Look from a different view the same data and you might get a better idea of what is the main identifier.

Boxplots are another way to visualize a variable’s distribution, making really evident the interquartile range, the presence of outliers, and the median.

The mean total body acceleration for the **Z** axis is already plotted for you to see.


In [None]:
plt.boxplot(observed_feature['tBodyAcc-mean()-Z'], showfliers=False)



Replicate the code for the maximum values on axis **Z** (`tBodyAcc-max()-Z`).


In [None]:
#add code here

### Scatterplot

So far, you have looked at one-dimensional analysis, and this has already shed interesting insights into the data. Nevertheless, you have plenty of data and you want to see their interactions. A scatterplot is a bidimensional tool and is useful for understanding correlations and data capacity, among other things.

Since you have a lot of data, instead of plotting one combination of values, you can use the `scatter_matrix` function from the `Pandas` plotting tools. This is useful because it gives you the density plot in the diagonal. All you need to know about it is that it is some sort of histogram smoothing.

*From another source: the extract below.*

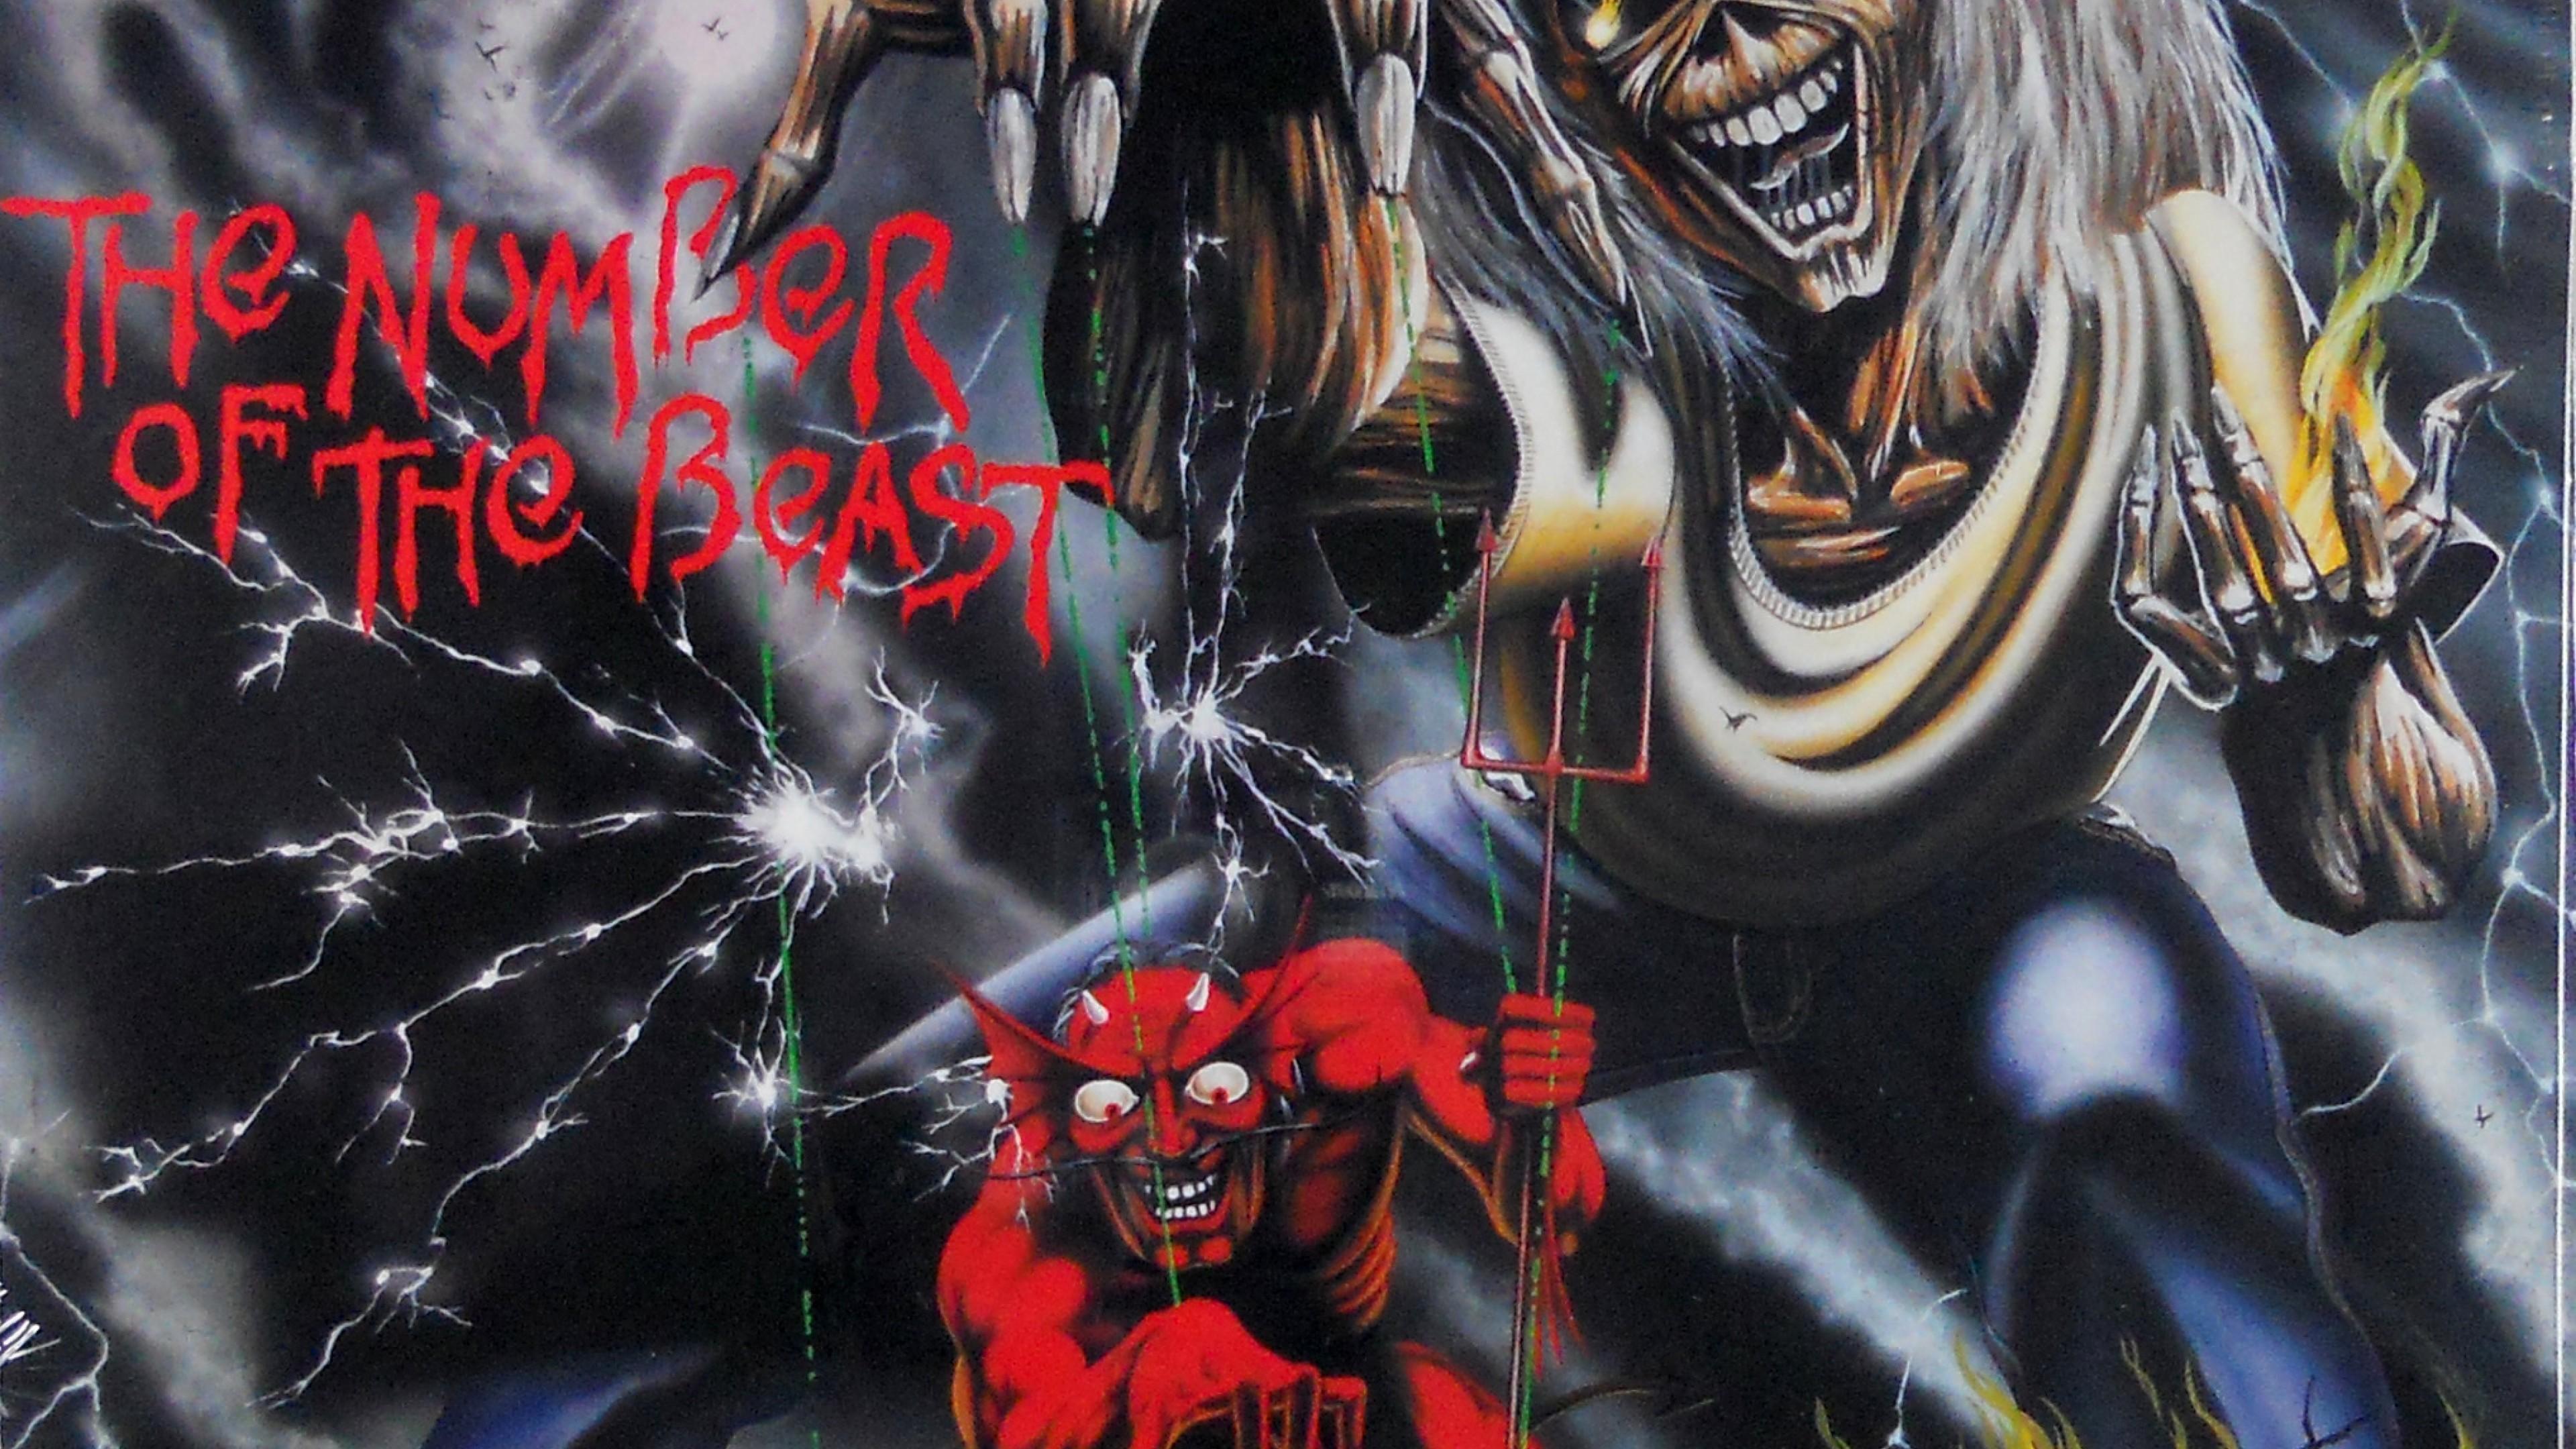 Iron Maiden Desktop Wallpaper: Iron Maiden Wallpaper 1920x1080 (79+ Images

**Note:** In reality it to obtain this diagonal the code performs a *kernel density estimation*, which starts making inferences about the data which we do not want to formalize during the exploratory data analysis, so it will not be delved into.


The `scatter_matrix_plot()` simplifies the plotting of all 3 axes of any variable. Use it to look at the the static activities' scatter plot.


In [None]:
eda_functions.scattermatrixplot(subsetuser,'activities',['SITTING','STANDING','LAYING'],'tBodyAcc-max()')

There is no evident correlation in the total body acceleration for the *static activities* since the person is not moving. You may explain the outliers or most of the changes with the breathing movement or other sources of *noise*.

Now plot the dynamic activities 'WALKING', 'WALKING_UPSTAIRS' and 'WALKING_DOWNSTAIRS' to compare and contrast.

In [None]:
#add code here

You may play more with the data and scatterplot you desire to generate here.

In [None]:
#add code here

## Summary
What the developers described is data that might be useful in creating a dashboard. You found that some features in the data might help classify both active and resting activities.